Потом внук уехал учиться. Его уже невозможно было заставить донашивать дедушкину военную форму. Всё поменялось. Сначала он приезжал на каникулы. Потом в отпуск, всё реже и реже. Иногда с детьми.

Дедушки не стало, когда у Седова уже появился свой внук. Бабушка умерла намного раньше. Седов приехал на похороны, ему предложили сидеть с дедом последнюю ночь, так положено. До утра он читал писателя Майринка, наверное, это не совсем соответствовало обстановке. Просто перед поездом в рассеянности взял с полки книгу наугад. Неизвестно, понравилась бы такая книга дедушке. Может и да. Может быть, это было одним из его последних желаний. И в последнюю ночь, проведённую дома, дедушка внимательно следил за чтением внука. Подполковнику в запасе могли быть интересны некоторые ландшафты, о которых рассказывается в книге «Голем».

Через год, в 2005-м, самодельные приборы и непонятные колбы пенсионера Павлова выкинули, они были никому не интересны. Неизвестно, куда делся парадный мундир. В квартире стало просторно.

Пьяная ненависть к предметам

Невменяемость утренняя и невменяемость вечерняя – разные вещи.

Утром всё непонятно. Просыпание спьяну в чужом месте – дело особенное. В разных местах просыпания, в разных состояниях и в разное время года последовательность предметов, о которых в холодном поту вспоминаешь, разная. Или – паспорт, деньги, одежда. Или – очки, телефон, сигареты. Или – шапка, ботинки, рюкзак. Где я, где выключатель. Это кровать или скамейка в парке? Почему никого нет? Иногда слышны звуки взлетающего самолета или звуки бушующего океана за стеной. Правда, чаще всего оказывается, что проснулся всё-таки дома.

Утром пробиваешься сквозь комплекс вины, вспоминаешь ночной бред – стыдно, сладко, так в детстве припадаешь к царапинам крашенного изнутри окна в душевой заводского женского общежития: что-то мелькает, возбуждённое воображение рисует картины, от которых сводит голову, во рту пересыхает; а там, в душевой, скорее всего, уборщица перепрятывает найденные деньги.

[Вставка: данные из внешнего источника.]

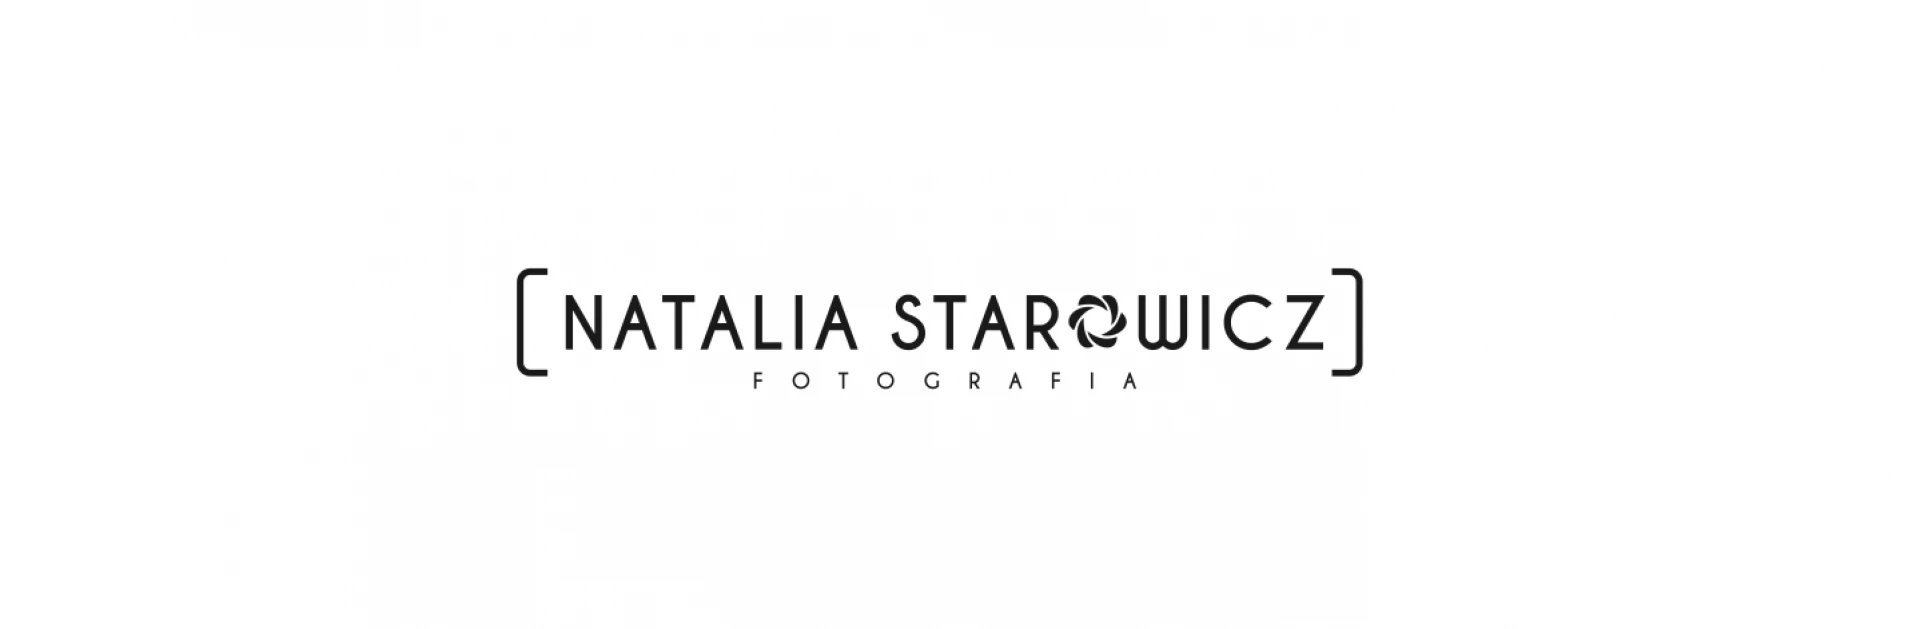 portfolio zdjecia znany fotograf natalia-starowicz-fotografia

Утром можешь посмотреть в зеркало – ну что, смотри, иногда интересно. А вдруг там не ты? Вот это круглое, неподвижное, ради серьёзности – твоё лицо, одна из поверхностей головы. Ты, конечно, смотришь себе в глаза. Да, это сеанс самопознания. Если смотришь на щёки – самопознание уже не метафизическое, а гигиеническое или диетологическое. Смотришь – насколько опухло лицо, или – нет ли чужой туши, помады, просто еды, настоящей или прошлой, царапин, проверяешь, как там зубы. Ещё можно двигать глазами, и картина будет двоиться. Потом надо посмотреть, а что это там, за спиной. Стены, батареи, книги – нет, не то. Смотреть, что там ещё. И ведь есть. Нет, показалось. Есть, есть. Что значит – не верить своим глазам? Верь.

Мистика преследовала Скорбова.

Это были не традиционные черти и крокодилы, которые приходят во время белой горячки. Нет, стадия алкоголизма его была не такова. Он выпивал много за один раз, и при этом достигались интересные психологические эффекты. Но не очень часто, поэтому органического разрушения структур головного мозга не происходило, организм держался.

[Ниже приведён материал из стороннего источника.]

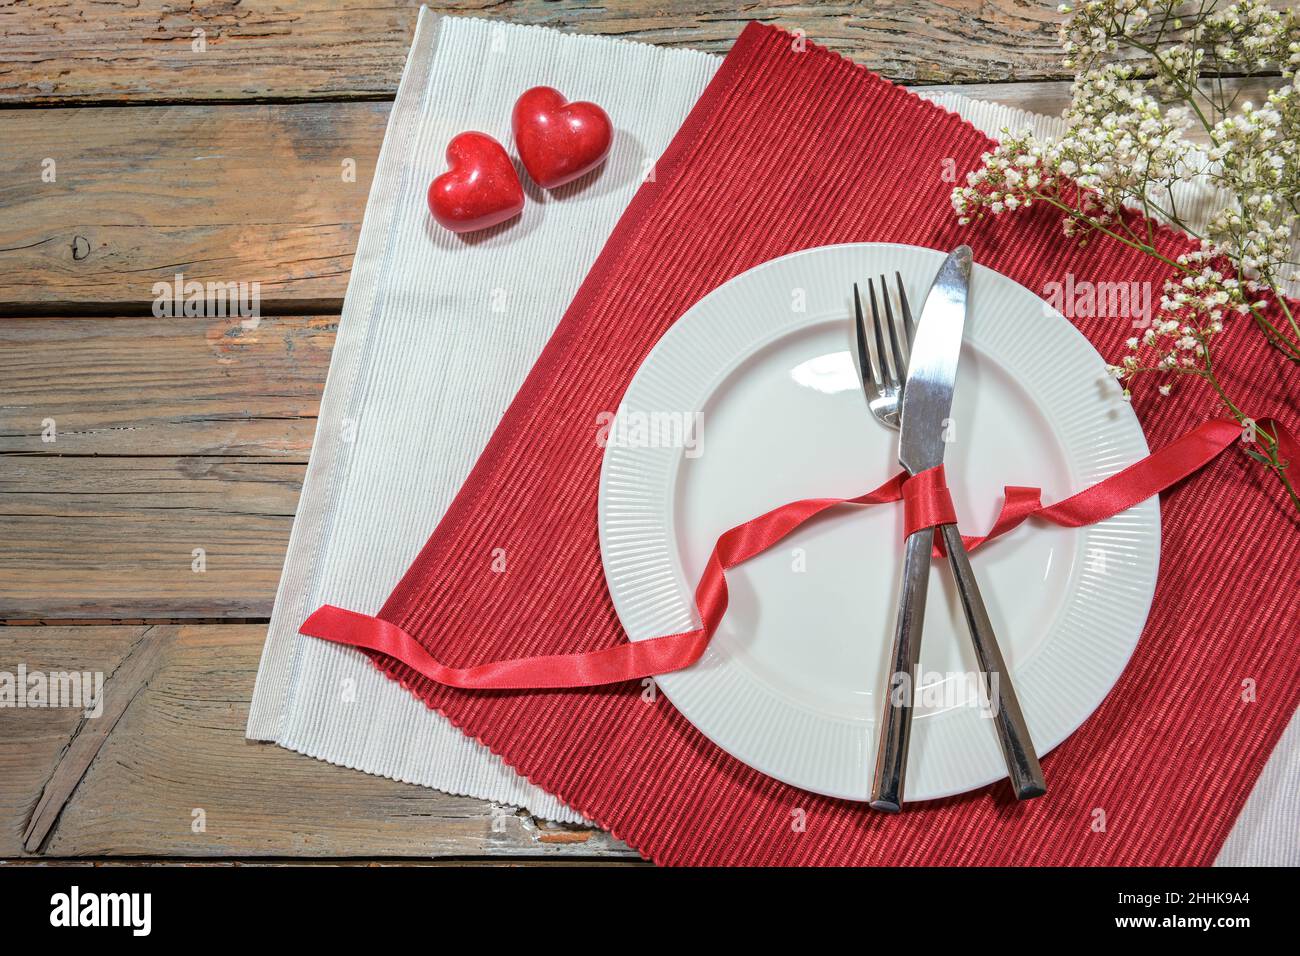 Table pour un dîner romantique avec deux coeurs, plat et couverts sur des serviettes rouges et blanches, concept amour, table rustique en bois avec espace copie, hig Banque D'Images

Так вот, однажды к нему пристала опасная, но изысканная теория, которой он следовал, если вспоминал про неё. Это был доморощенный извод тёмного гностицизма; кто-то рассказал ему, по пьяни, что такое есть. Данное учение его заинтересовало, он порывался поработать с первоисточниками, но всегда было не с руки, некогда, поэтому ничего не прочитал. Но когда по телевизору что-то слышал про гностицизм, делал важное лицо, хмыкал и говорил: «Да, это про нас. Да, наша мать – София. Да, проклятая материя пленила её».